Documentation, follow-up, and patient education

When you use L-TRiP(cast), document the cast type, the score total, the threshold comparison, and the rationale for prophylaxis or watchful management. Provide patients with clear instructions on calf swelling, new chest pain, dyspnea, hemoptysis, syncope, and unilateral leg discoloration, emphasizing that models do not replace urgent evaluation when symptoms arise.

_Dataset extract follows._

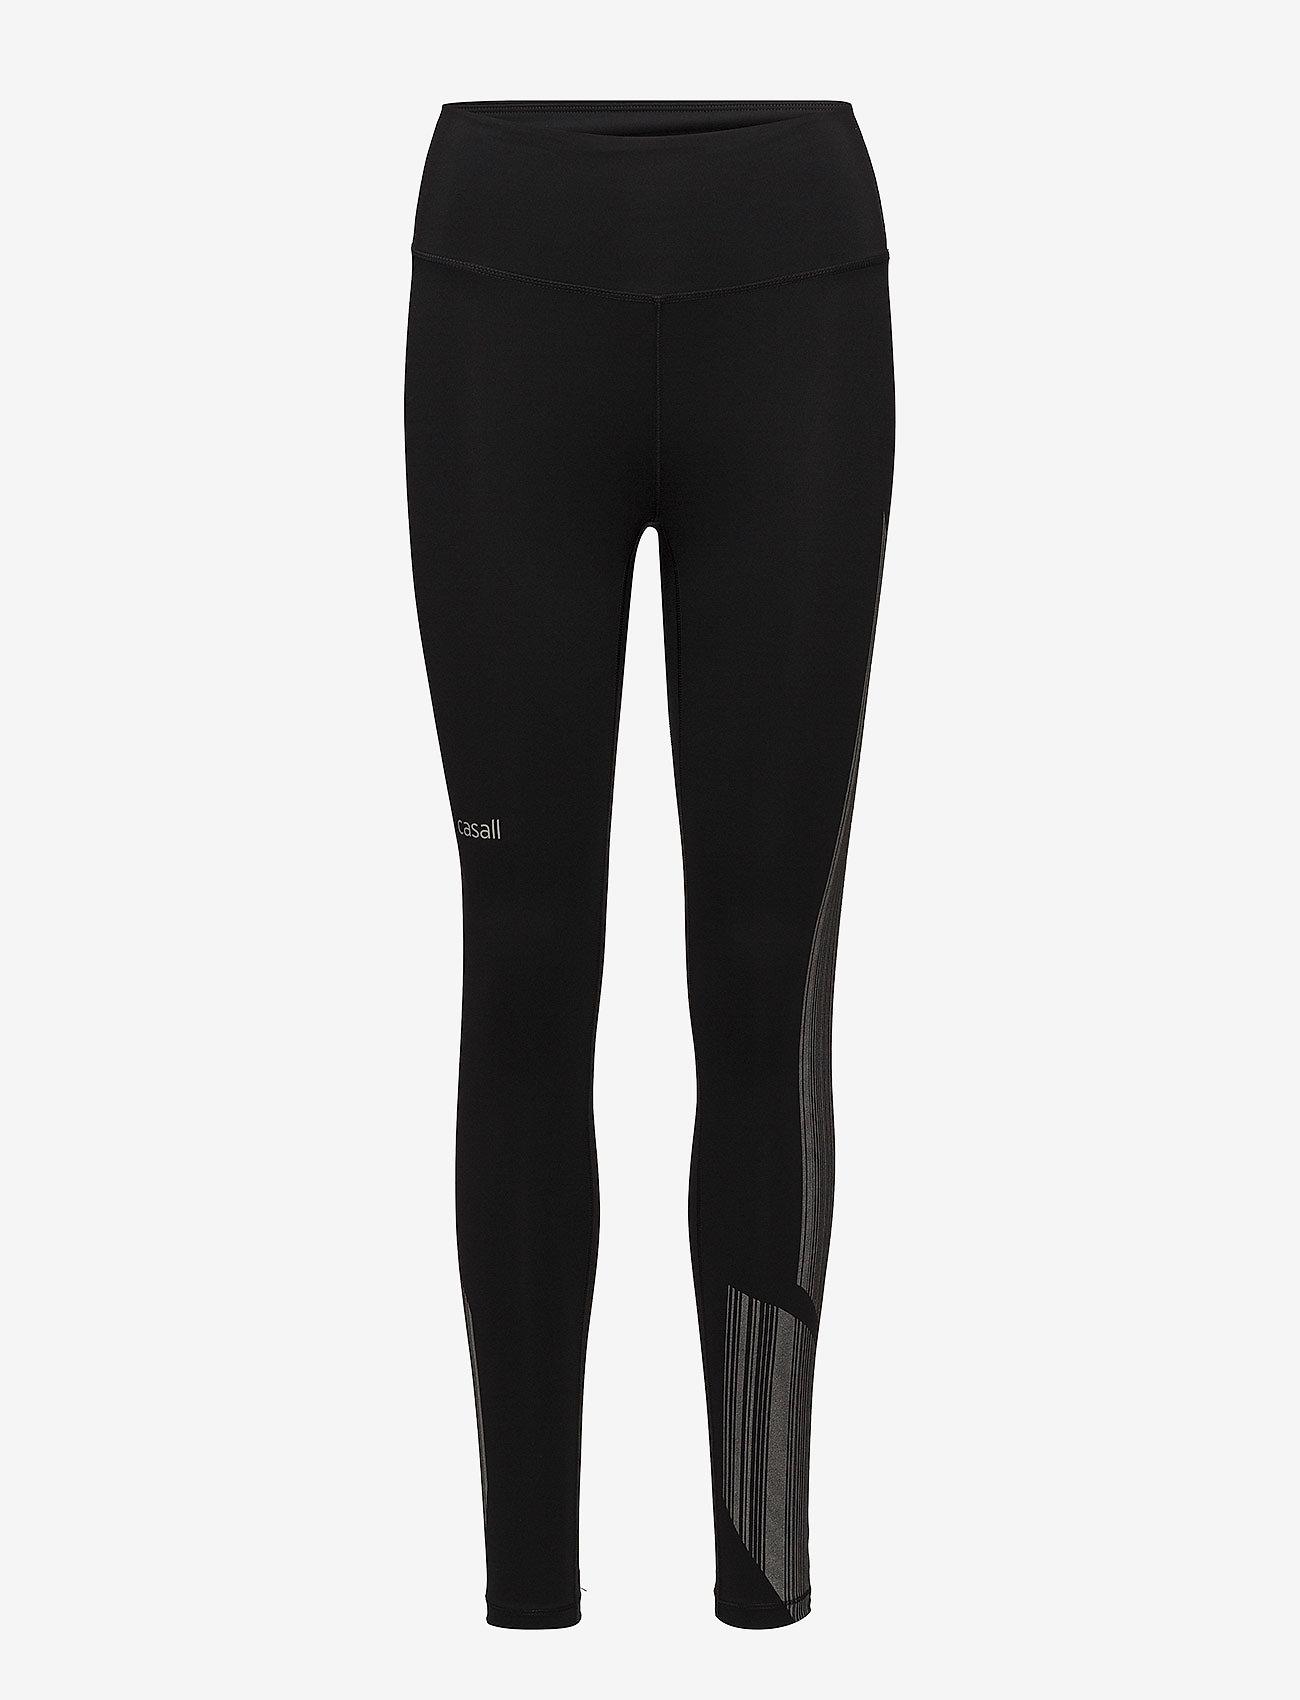 Casall Winner tights - Leginsy BLACK - Kobiety Odzież.

Limitations every clinician should keep in mind

• Case-mix shift: Derivation and validation cohorts may differ from your center’s trauma profile, age distribution, and baseline prophylaxis practices.
• Outcome definition and ascertainment: Symptomatic versus screening-detected VTE, intensity of imaging, and follow-up duration change apparent incidence and model utility.
• Missing covariates: Important factors (prior DVT/PE, known thrombophilia, weight-bearing status, cast duration) may not be fully captured; clinical judgment remains primary.
• Treatment penetration: If many high-risk patients already receive prophylaxis, observed event rates in treated cohorts will underestimate untreated risk, complicating post hoc benchmarking.
• Score ≠ probability: The total points summarize relative risk stratification; translating to an individualized probability requires external calibration and local epidemiology.